EXERCISE MATERIALS:
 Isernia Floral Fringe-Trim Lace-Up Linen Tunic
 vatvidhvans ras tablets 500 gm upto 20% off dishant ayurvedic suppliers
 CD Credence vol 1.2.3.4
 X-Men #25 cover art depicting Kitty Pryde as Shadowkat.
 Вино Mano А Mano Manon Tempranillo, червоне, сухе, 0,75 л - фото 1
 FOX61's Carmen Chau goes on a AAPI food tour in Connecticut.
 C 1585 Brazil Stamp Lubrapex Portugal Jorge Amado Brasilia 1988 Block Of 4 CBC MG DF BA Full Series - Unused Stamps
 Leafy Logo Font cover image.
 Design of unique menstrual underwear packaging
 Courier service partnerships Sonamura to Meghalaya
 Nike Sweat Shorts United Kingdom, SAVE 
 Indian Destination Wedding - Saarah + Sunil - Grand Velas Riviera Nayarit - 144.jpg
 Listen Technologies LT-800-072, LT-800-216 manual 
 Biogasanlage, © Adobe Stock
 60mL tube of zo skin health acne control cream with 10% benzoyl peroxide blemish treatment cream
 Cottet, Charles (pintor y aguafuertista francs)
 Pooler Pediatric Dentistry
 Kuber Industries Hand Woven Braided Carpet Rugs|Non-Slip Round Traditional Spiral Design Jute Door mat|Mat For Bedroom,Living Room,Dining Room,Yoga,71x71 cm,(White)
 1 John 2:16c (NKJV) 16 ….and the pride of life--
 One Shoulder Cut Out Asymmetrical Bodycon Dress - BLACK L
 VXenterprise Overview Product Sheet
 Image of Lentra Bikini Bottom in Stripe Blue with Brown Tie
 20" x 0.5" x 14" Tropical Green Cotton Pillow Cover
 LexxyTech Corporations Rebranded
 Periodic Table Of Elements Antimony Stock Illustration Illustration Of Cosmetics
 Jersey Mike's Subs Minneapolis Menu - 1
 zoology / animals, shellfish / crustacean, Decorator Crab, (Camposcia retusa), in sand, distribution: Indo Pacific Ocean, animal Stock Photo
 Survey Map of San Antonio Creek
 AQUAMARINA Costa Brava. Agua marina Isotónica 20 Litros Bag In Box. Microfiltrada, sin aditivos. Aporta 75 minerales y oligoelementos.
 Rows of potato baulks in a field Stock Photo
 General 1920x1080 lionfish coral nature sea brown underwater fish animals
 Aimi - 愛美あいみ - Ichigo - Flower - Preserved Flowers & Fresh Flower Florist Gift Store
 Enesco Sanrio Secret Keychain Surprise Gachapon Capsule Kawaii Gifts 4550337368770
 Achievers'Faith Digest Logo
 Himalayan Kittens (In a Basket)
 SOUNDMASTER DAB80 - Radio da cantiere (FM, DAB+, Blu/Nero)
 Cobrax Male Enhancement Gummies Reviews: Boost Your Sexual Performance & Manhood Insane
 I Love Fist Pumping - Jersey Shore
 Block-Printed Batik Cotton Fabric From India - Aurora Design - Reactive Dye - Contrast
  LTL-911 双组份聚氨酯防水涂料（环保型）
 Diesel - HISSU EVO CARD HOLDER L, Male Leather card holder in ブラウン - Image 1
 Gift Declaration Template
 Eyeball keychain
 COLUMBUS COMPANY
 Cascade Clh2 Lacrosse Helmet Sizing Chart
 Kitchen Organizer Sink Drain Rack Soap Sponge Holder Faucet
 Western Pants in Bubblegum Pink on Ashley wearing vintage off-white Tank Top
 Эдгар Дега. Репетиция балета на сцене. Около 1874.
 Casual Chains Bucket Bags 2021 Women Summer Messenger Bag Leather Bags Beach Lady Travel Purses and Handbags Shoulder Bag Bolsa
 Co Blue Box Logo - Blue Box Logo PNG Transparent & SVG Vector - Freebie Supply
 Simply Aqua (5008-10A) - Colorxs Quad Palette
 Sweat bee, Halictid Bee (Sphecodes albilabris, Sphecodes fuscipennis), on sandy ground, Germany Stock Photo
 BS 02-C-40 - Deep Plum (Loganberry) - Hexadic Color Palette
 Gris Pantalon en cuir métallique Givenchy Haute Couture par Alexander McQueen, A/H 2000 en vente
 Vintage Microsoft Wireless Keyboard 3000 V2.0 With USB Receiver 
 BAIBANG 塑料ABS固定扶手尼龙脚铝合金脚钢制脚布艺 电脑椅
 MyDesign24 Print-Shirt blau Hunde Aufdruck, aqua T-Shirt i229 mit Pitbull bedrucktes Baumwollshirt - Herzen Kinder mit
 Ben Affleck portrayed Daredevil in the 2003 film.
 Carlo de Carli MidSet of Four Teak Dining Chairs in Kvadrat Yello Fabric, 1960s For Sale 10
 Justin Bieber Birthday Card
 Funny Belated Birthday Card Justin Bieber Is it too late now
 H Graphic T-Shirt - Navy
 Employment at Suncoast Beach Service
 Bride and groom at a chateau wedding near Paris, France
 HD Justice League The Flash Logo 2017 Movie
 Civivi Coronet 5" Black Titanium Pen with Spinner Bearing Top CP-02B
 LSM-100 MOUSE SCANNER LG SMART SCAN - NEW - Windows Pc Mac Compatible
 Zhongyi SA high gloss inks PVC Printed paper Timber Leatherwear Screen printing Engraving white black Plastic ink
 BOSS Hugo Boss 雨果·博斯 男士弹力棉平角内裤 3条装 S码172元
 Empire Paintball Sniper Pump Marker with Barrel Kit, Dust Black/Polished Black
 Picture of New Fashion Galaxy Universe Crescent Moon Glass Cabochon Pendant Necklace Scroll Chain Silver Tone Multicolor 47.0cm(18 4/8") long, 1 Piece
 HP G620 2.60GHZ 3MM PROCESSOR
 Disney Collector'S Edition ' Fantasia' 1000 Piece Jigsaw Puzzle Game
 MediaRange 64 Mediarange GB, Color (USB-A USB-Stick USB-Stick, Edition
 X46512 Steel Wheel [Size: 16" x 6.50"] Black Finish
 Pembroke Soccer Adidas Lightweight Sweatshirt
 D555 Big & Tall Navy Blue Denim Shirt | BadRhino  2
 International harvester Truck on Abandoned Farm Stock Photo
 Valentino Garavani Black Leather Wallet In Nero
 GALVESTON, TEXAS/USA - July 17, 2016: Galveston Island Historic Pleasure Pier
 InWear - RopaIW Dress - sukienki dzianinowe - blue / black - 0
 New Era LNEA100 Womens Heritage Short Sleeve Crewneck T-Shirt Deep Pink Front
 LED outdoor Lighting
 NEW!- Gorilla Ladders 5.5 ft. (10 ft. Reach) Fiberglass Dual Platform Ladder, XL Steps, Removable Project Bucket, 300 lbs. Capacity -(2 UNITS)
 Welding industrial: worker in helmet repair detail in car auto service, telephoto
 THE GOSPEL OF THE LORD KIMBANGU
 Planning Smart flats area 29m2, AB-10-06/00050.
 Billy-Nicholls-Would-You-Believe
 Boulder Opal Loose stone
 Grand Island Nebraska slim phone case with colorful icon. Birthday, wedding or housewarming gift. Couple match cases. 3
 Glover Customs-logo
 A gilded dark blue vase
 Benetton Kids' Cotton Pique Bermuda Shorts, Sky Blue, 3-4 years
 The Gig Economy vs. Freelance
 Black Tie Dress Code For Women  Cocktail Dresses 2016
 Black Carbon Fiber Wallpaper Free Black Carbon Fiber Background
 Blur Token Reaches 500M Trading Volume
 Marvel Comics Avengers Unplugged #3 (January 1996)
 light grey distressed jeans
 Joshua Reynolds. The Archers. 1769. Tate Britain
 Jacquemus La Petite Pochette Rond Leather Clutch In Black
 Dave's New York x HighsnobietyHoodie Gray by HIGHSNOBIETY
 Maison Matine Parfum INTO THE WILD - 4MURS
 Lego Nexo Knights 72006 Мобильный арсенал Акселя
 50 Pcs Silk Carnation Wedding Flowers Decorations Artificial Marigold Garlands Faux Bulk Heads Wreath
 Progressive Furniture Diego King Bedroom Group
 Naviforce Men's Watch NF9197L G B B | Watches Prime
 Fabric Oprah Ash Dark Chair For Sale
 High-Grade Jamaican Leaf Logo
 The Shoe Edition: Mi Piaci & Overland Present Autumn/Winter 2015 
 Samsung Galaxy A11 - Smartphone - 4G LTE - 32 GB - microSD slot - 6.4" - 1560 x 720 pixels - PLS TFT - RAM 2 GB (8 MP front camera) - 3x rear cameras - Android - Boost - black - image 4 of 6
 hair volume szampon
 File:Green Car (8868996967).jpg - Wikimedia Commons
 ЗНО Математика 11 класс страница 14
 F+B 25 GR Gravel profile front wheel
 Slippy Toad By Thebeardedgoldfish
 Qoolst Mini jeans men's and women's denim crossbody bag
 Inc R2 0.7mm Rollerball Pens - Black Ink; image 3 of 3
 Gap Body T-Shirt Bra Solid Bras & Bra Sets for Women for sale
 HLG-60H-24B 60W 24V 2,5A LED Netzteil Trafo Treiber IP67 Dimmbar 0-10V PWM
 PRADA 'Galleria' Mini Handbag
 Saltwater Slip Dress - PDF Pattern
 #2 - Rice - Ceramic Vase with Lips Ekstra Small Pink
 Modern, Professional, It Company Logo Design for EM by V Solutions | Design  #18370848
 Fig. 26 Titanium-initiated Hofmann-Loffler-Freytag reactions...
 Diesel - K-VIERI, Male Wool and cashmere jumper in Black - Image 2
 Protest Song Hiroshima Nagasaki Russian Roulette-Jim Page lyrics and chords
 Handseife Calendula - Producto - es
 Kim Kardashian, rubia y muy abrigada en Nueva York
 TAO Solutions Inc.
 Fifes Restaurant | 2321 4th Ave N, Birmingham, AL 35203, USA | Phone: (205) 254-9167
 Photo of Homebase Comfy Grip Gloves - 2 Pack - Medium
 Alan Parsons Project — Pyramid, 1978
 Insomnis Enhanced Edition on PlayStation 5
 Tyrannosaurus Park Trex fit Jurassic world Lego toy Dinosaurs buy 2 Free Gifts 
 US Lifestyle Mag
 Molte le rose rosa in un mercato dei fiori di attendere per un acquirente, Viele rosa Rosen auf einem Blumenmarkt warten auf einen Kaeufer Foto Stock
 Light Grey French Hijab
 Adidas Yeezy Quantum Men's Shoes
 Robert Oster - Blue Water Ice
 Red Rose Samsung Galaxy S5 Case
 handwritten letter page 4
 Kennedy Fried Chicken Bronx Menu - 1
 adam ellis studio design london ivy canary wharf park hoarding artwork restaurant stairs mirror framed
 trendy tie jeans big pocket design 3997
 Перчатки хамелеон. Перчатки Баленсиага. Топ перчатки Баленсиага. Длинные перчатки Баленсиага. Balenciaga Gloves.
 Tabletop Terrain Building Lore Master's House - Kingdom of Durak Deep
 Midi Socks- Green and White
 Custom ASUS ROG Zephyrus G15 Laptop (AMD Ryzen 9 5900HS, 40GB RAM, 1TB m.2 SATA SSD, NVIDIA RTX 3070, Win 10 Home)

YOUR ASSIGNMENT: The lines above starting at the one that contains "Kuber Industries Hand" and ending at the one that contains "SOUNDMASTER DAB80 - Radio" must be transcribed exactly, and no other lines may appear.

PROBLEM SOLUTION:
 Kuber Industries Hand Woven Braided Carpet Rugs|Non-Slip Round Traditional Spiral Design Jute Door mat|Mat For Bedroom,Living Room,Dining Room,Yoga,71x71 cm,(White)
 1 John 2:16c (NKJV) 16 ….and the pride of life--
 One Shoulder Cut Out Asymmetrical Bodycon Dress - BLACK L
 VXenterprise Overview Product Sheet
 Image of Lentra Bikini Bottom in Stripe Blue with Brown Tie
 20" x 0.5" x 14" Tropical Green Cotton Pillow Cover
 LexxyTech Corporations Rebranded
 Periodic Table Of Elements Antimony Stock Illustration Illustration Of Cosmetics
 Jersey Mike's Subs Minneapolis Menu - 1
 zoology / animals, shellfish / crustacean, Decorator Crab, (Camposcia retusa), in sand, distribution: Indo Pacific Ocean, animal Stock Photo
 Survey Map of San Antonio Creek
 AQUAMARINA Costa Brava. Agua marina Isotónica 20 Litros Bag In Box. Microfiltrada, sin aditivos. Aporta 75 minerales y oligoelementos.
 Rows of potato baulks in a field Stock Photo
 General 1920x1080 lionfish coral nature sea brown underwater fish animals
 Aimi - 愛美あいみ - Ichigo - Flower - Preserved Flowers & Fresh Flower Florist Gift Store
 Enesco Sanrio Secret Keychain Surprise Gachapon Capsule Kawaii Gifts 4550337368770
 Achievers'Faith Digest Logo
 Himalayan Kittens (In a Basket)
 SOUNDMASTER DAB80 - Radio da cantiere (FM, DAB+, Blu/Nero)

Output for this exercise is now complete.